I have long heard that the two groups most opposed to such a union are white males and and Asian men.
Jennifer - thanks for the plug.
Obviously, I already wrote a whole lot on this matter on my blog, so I'll keep this short. But I agree that, in the end, it's doubtful that there are a lot of people that are consciously in interracial relationships for all the "wrong reasons" that people like to bring up on a regular basis. Race and stereotypes are more subtle, of course, but it's crazy to judge people on relationships we know nothing about.
Hopefully, the lack of open criticism is simply because people accept your relationship, period. Of course, I can't be sure on that one.
As far as who would be opposed to your particular combination, I can't really speak to that, not knowing the race of your partner (I followed your link to your blog, so I am aware of your background).
I think it usually falls out that whoever feels like they "lost" a possible dating choice from their own race (in your case, black women) are the most opposed, or upset about interracial relationships. So, if your wife is Asian, then Asian men may be most opposed (leaving white men less involved, or vice versa).
It gets so much more complicated, but I'll just leave it at that - you are welcome to read my "On Interracial Dating" posts if you want more . . .

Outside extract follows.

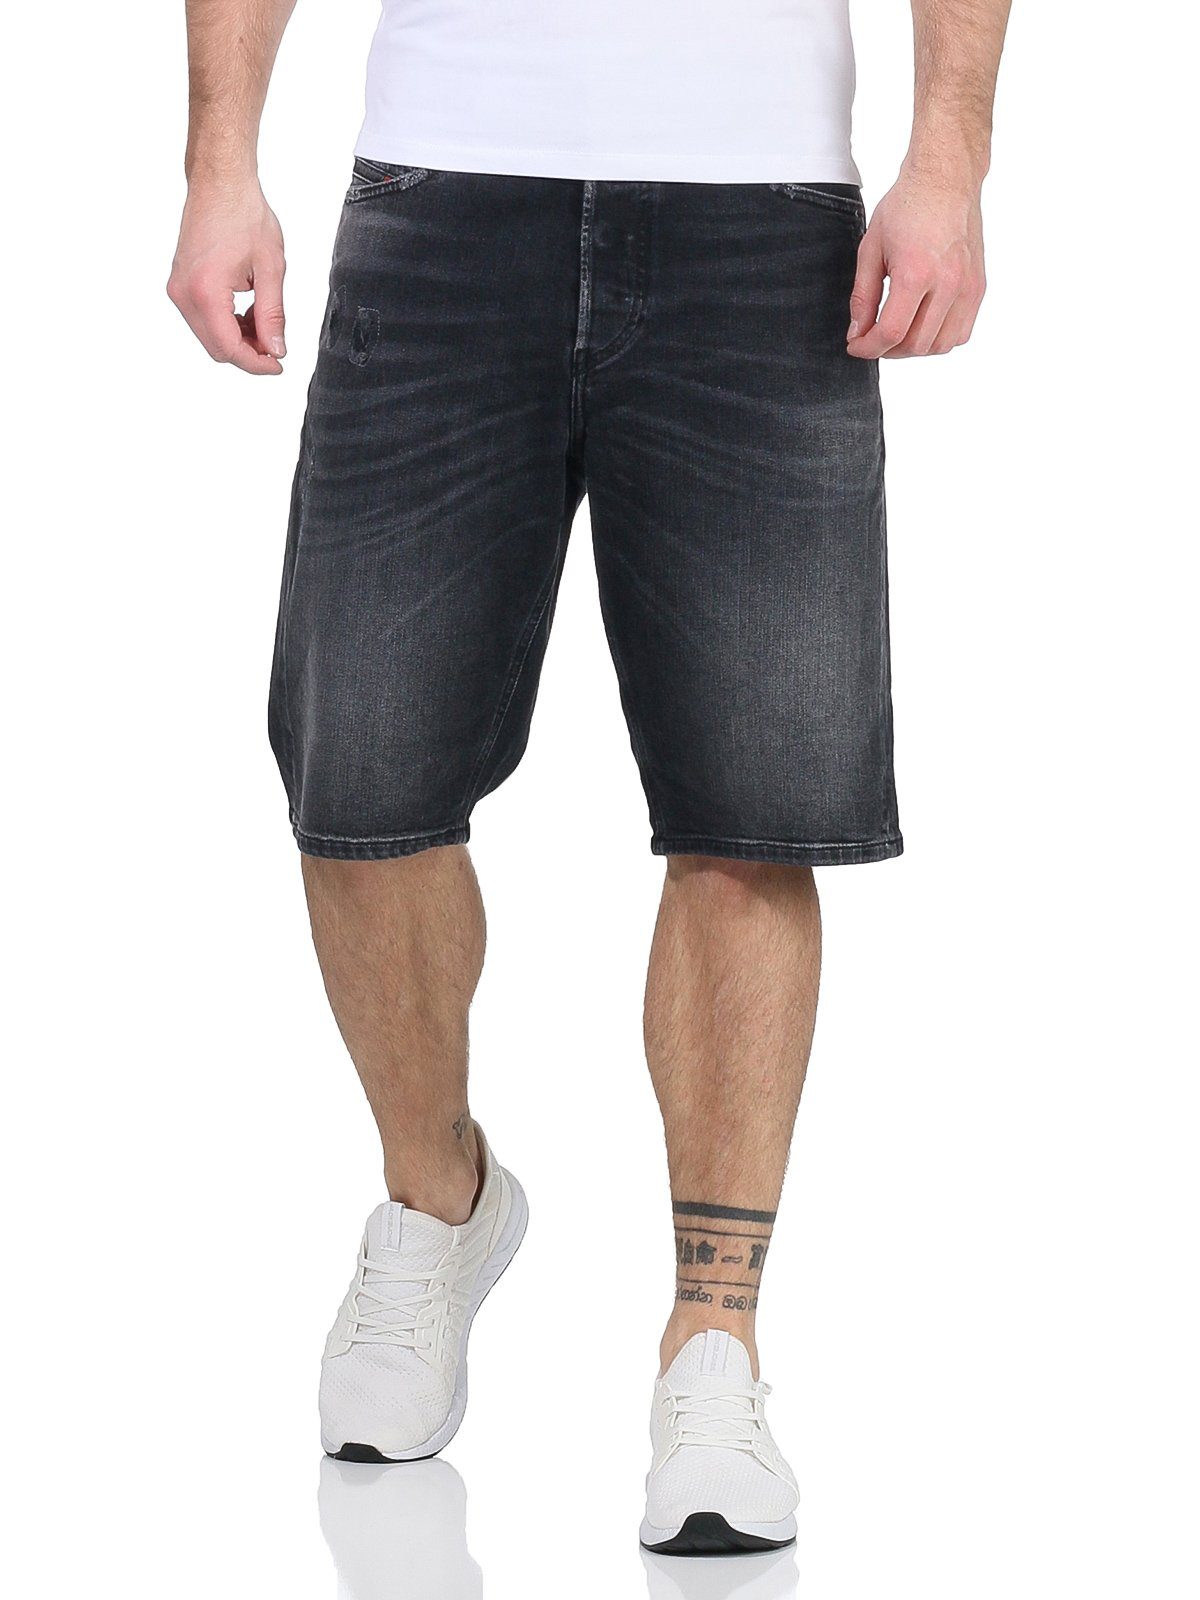 dezenter Shorts, Kroshort Jeans R930L Diesel kurze Used-Look Jeansshorts Hose Herren Anthrazit RG48R Shorts

ecarson--thanks for leaving a comment and sharing your personal observation about your own interracial relationship. I did want to ask for a bit of clarification--I wasn't sure what you mean when you wrote that:
"the two groups most opposed to such a union are white males and Asian men."
Opposed to which unions is my question?
I do think that Asian men, as CVT pointed out below, are more proprietary, potentially, of seeing Asian American women with men of other races--particularly white men. And as I alluded to in another post, I think part of it, deep down, has to do with anti-racist stuff--as in, feeling like Asian American women who "sell out" by dating white men are potentially turning their backs on not only culture but on an anti-racist agenda.
CVT, always a pleasure to have you comment on my blog and I do hope you get a lot of traffic on your own because I'm really enjoying your posts!
I'm a product of an interracial marriage--Korean mother and German father, married in the 1960s. As you can imagine, that marriage was not met with familial excitement! I consider it a real blessing to have parents who never had a preference concerning the race of my partner.
I'm now in an interracial marriage with mixed-race kids in rural Tennessee and we haven't encountered any problems. I don't belong to any sort of Asian-American community here so of course I don't feel any pressure there. One of the unexpected benefits of growing up and living in rural areas (as a minority/outsider) is that it's clear that it's not possible to only hang out with, date, or marry from your own group.
I just finished reading Michael Thomas's "Man Gone Down." It's a fine novel and discusses interracial marriage and mixed-race children openly and honestly.